# My Prize....Barrel Robacks Pontil



## Chuck1188 (Dec 22, 2009)

Here is my prize. An iron pontil dr cw robacks stomach bitters in the form of a barrel. Bought it for $10 in an antique store here in east texas. This is the only bottle remotely close to this that I have seen in east texas.


----------



## Chuck1188 (Dec 22, 2009)

Pontil


----------



## jays emporium (Dec 22, 2009)

Chuck,
 That is a fantastic find.  My guess would be $400. 
 I check every antique mall, junk shop, flea market and estate sale I can because sooner or later I'm going to find the bitters collection that the dealer thinks are Wheatons and are really originals.  There might be some historical flasks too.  I have this vision and I just know it's going to happen.  I think I'd have a better chance in the North though than here in Texas.


----------



## bottle_head9 (Dec 22, 2009)

I`d say that bottle is worth close to $1000.00 if it`s got some pink to it.You just don`t see them pontiled very often.


----------



## Chuck1188 (Dec 22, 2009)

jays emporium - i know exactly how you feel. Ive been ready and waiting to stumble upon that hidden collection, maybe one with a national bitters, or a suffolk, etc.

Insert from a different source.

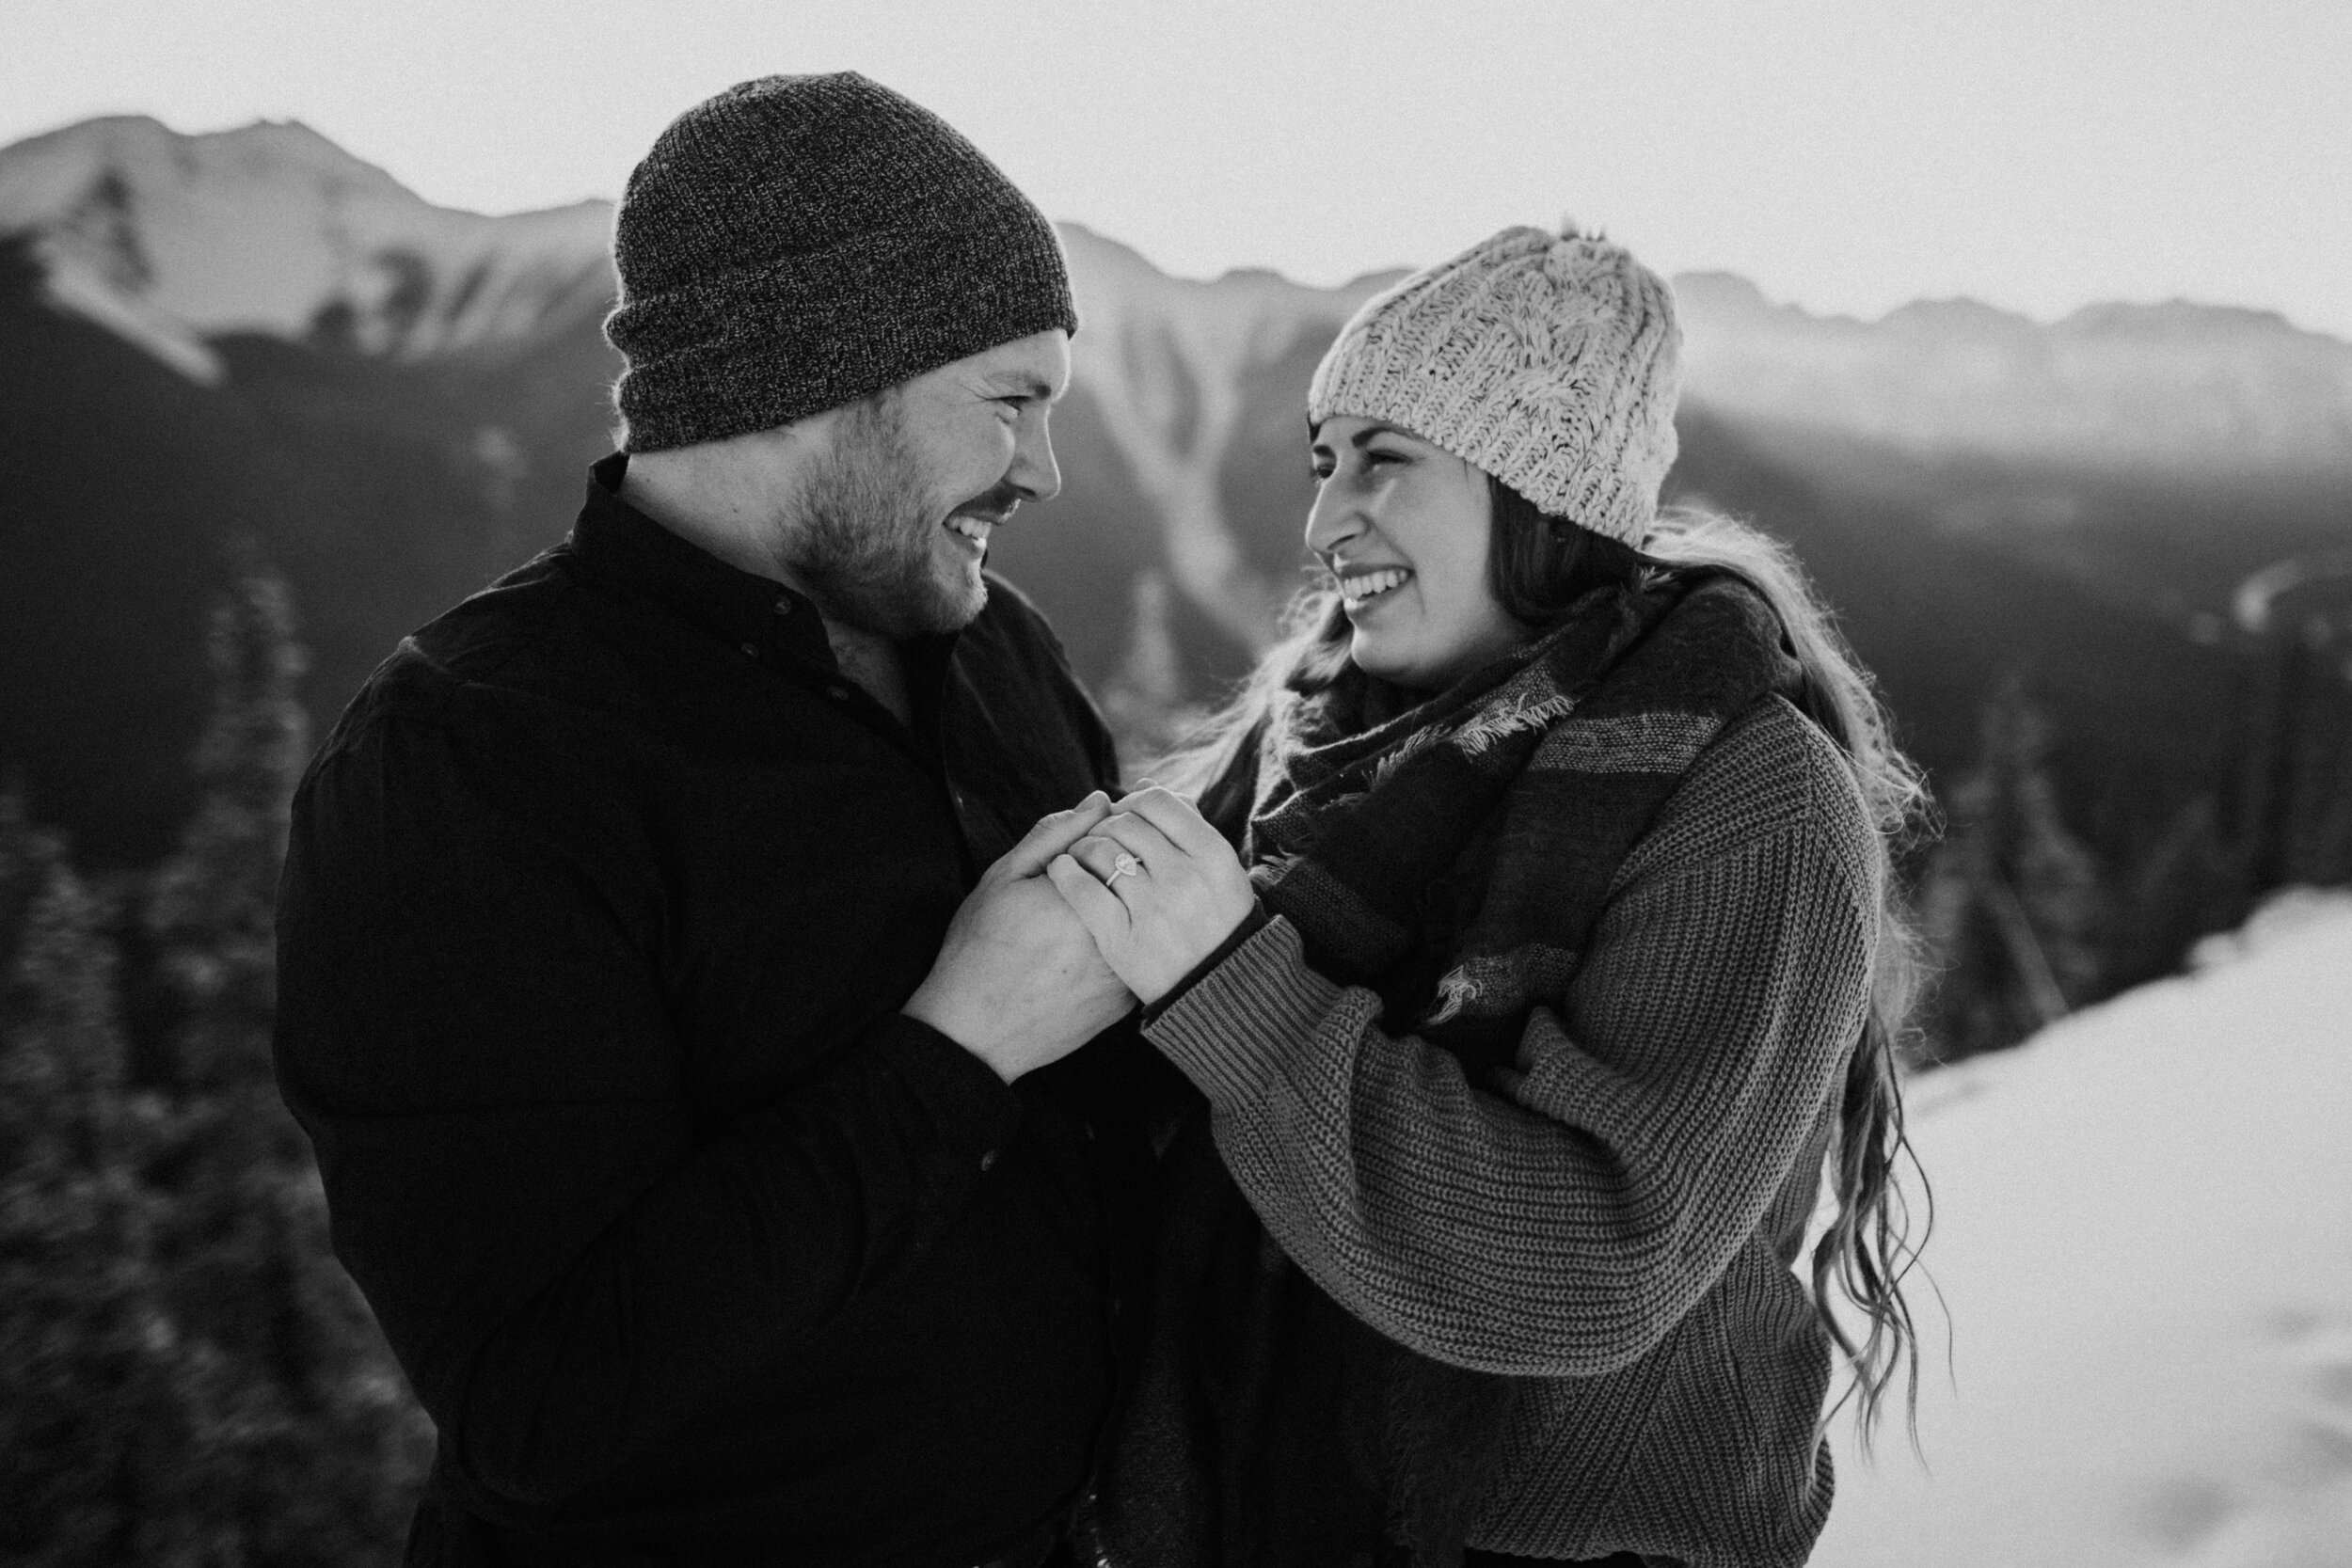 Banff Wedding Photographer, Banff wedding locations, Epic couple photos, mountaintop banff hike

 bottle_head9 - it doesnt have any pink to it...the picture is not that great because it was taken with my cell phone. BUT...other than the one other guy that has a Pontiled Robacks on this forum I have only seen one other one and it was listed on a bottle auction type site and it was valued at $600-700. I know there are more than just the ones that ive seen and heard of I was just giving a reference point.


----------



## glass man (Dec 23, 2009)

$10! WOW! BEEN WAITING SINCE 1974 FOR A FIND LIKE THAT AT A YARD SALE,FLEA MARKET,ANTIQUE MALL ETC. ON AND ON! STILL WAITING. GREAT BOTTLE! JAMIE


----------



## Chuck1188 (Dec 23, 2009)

Haha I couldnt believe it when I saw it. 

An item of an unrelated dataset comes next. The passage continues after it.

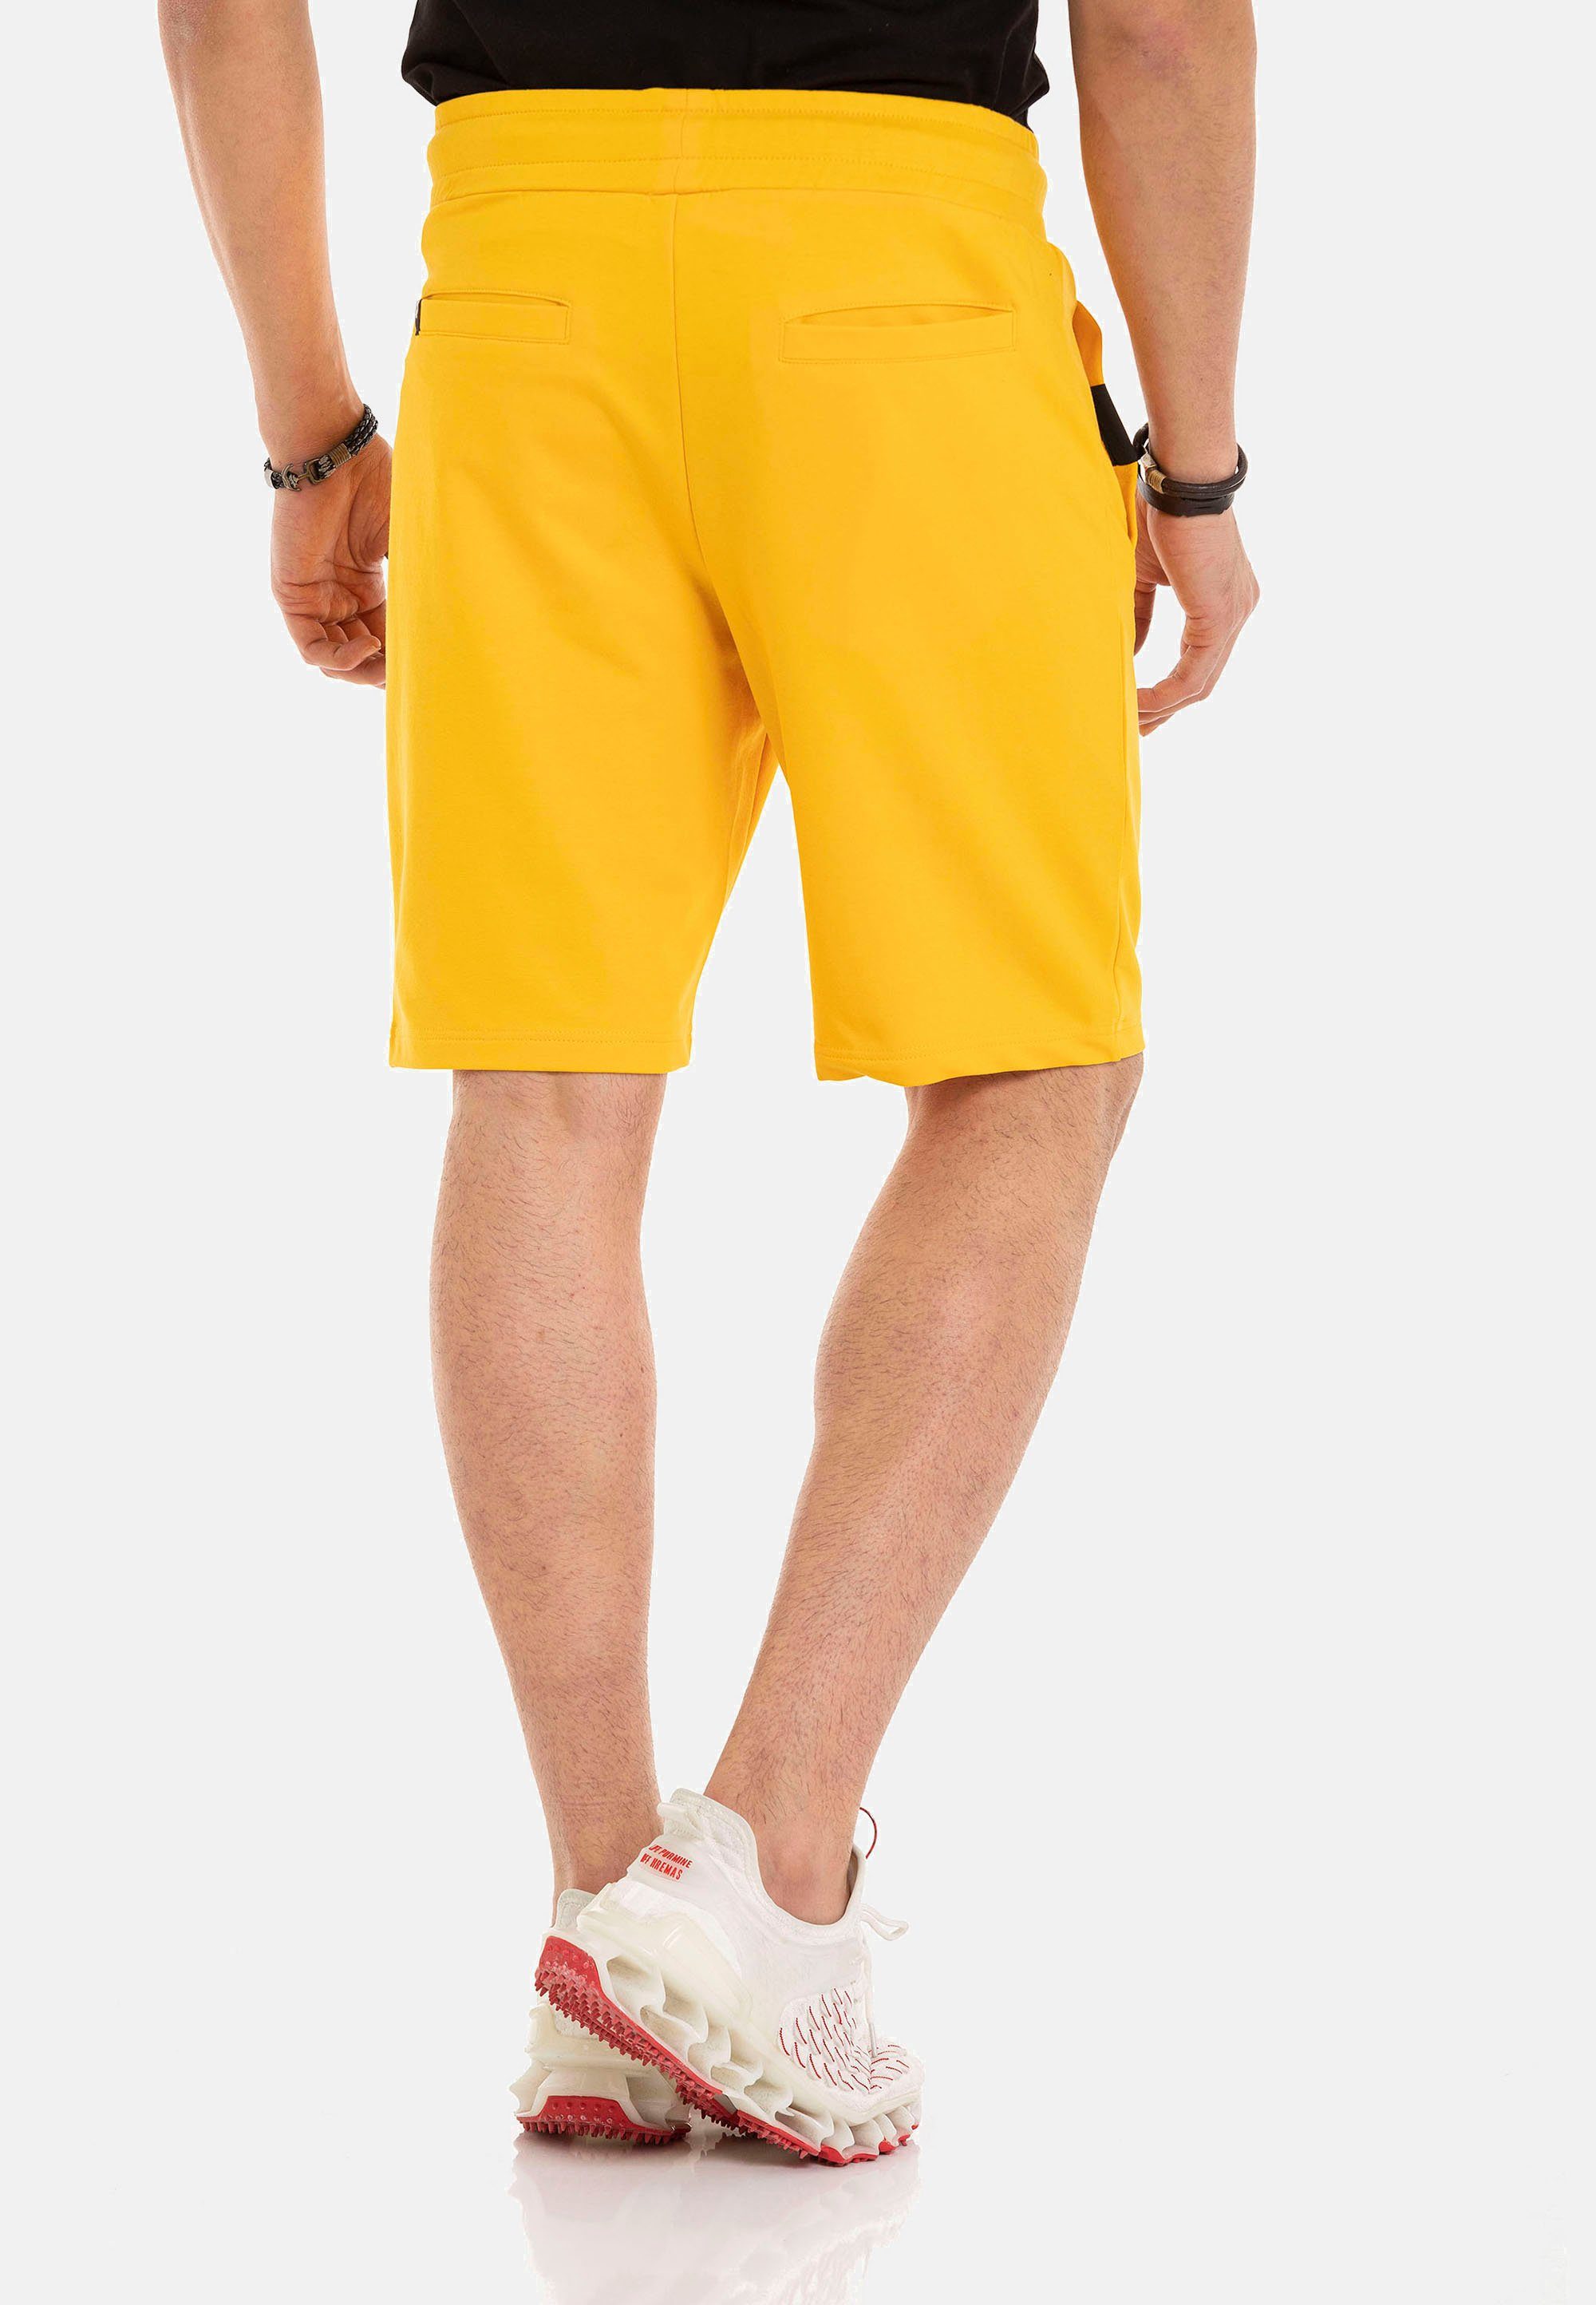 Cipo & Baxx Shorts Look gelb in sportlichem

 On another note....I think its pretty awesome what people are doing on here. When I joined I didnt know how close knit everyone was on here. It is amazing to see that members come together for another member especially when even I find it hard to ask a favor from someone like that. I would truly love to meet every single person on here. Merry Christmas to all.

 Chuck


----------